Editor's Letter: Here Awards 2024

Our editor contemplates the complexity of explaining our Best house Aotearoa 2024.

Editor's Letter: Here Awards 2024

Our editor contemplates the complexity of explaining our Best house Aotearoa 2024.

One of the hardest things with writing about architecture – or maybe, writing about anything – is there are always a multitude of ways to get into a story, but when you tell that story you tell it at the expense of other things.

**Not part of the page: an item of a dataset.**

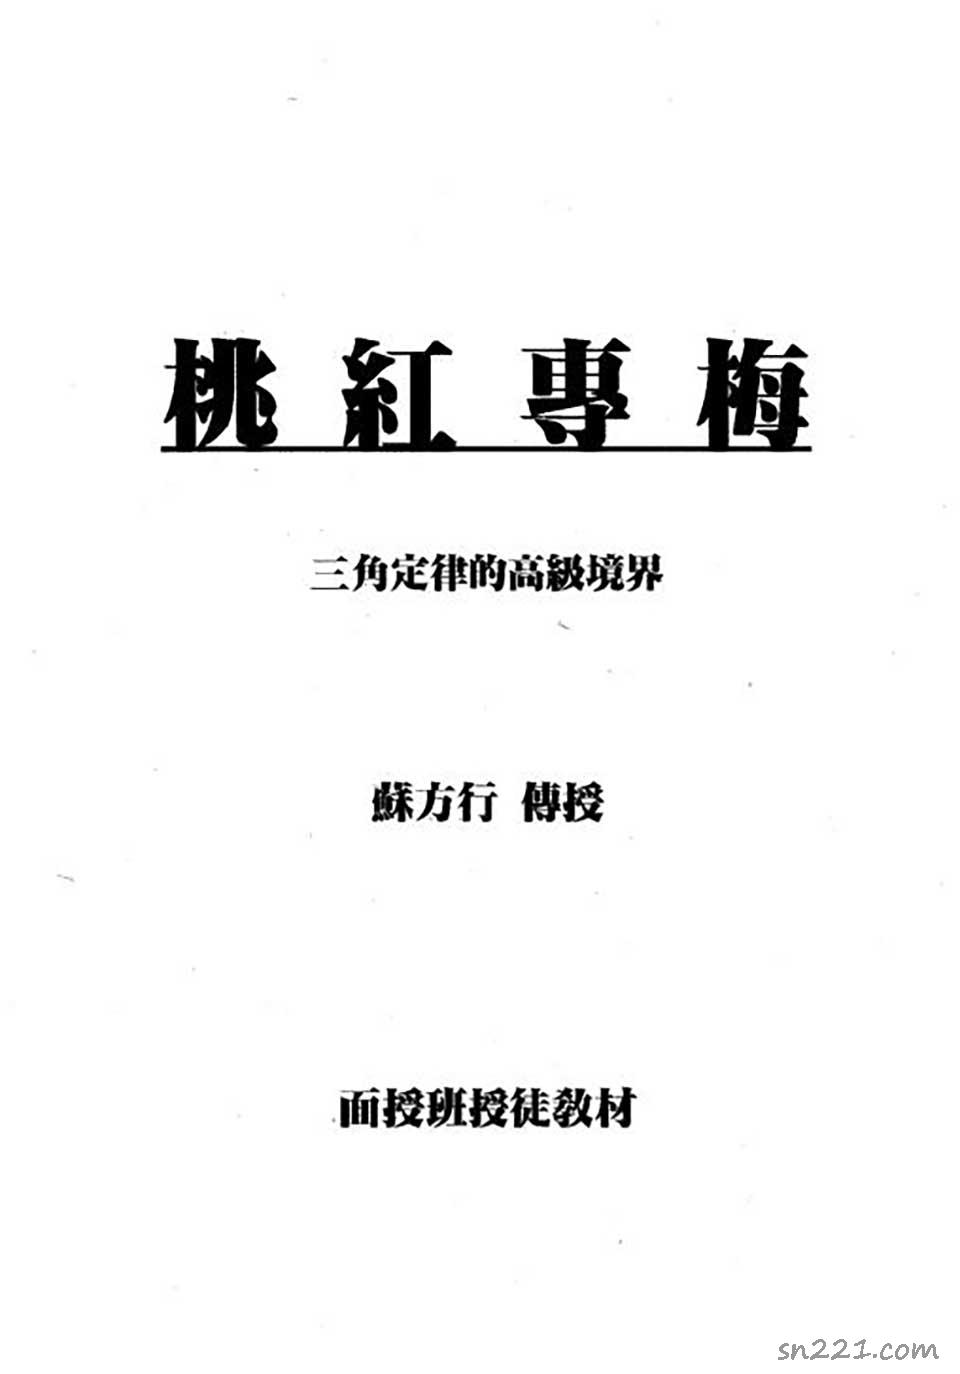 蘇方行-桃紅專梅專用預測整理版18頁.pdf

You can right the balance, of course, and you can add sidebars and asides and maybe a bracket here and there for a bit of extra information, but the slant you take tends to nudge everything else out. Add too much, and it’s like a soup with too much in it; things get confused, the reader loses the thread. Your story becomes a list of points, at which point you would have been better to do a PowerPoint presentation.

I digress. You get the point. (Welcome to my brain.)

That’s a hard dance at the best of times, but it’s hardest when you have a house as thoughtful, as detailed and as carefully put together as our Best House Aotearoa 2024, the home of ceramicist Lucy Coote and architect Mark Leong.

The plans the couiple developed for the renovation of their original 1904 brick villa at the end of the street, at the end of central Wellington – a kind of full stop for the city – are on one level distinctive, clear-eyed and rational. A U-shaped brick extension around a courtyard, with a lovely flow of spaces.

There are a million compelling things to talk about in the house: the house responds to its context, responds to its heritage, responds to the way they live. The colours are wonderful. They chose brick because it spoke to both of them, one as an architect and one as a potter. They mixed humble materials and basic carpentry with really lovely spaces… And there’s a lovely brick oculus beside the stairs outside which is a gentle nod to Leong’s Chinese-Malaysian ancestry. All that is without getting into the fact that a long time ago Mark was part of a band called So So Modern, and whether there are connections between architecture and music.  

And yet: it feels effortless, simple, restrained. A pale brick extension added to a lovely old house, with a sense of craft. You get the sense that, despite all the influences and thoughts and ideas and processes and experiments and discussions and logic and iterations and fine fine details, they very sensibly came back to the same intuitive question every time: does this feel right?

And the answer, of course, is yes, it does feel most truly right. Congratulations, Mark and Lucy, you have a wonderful home.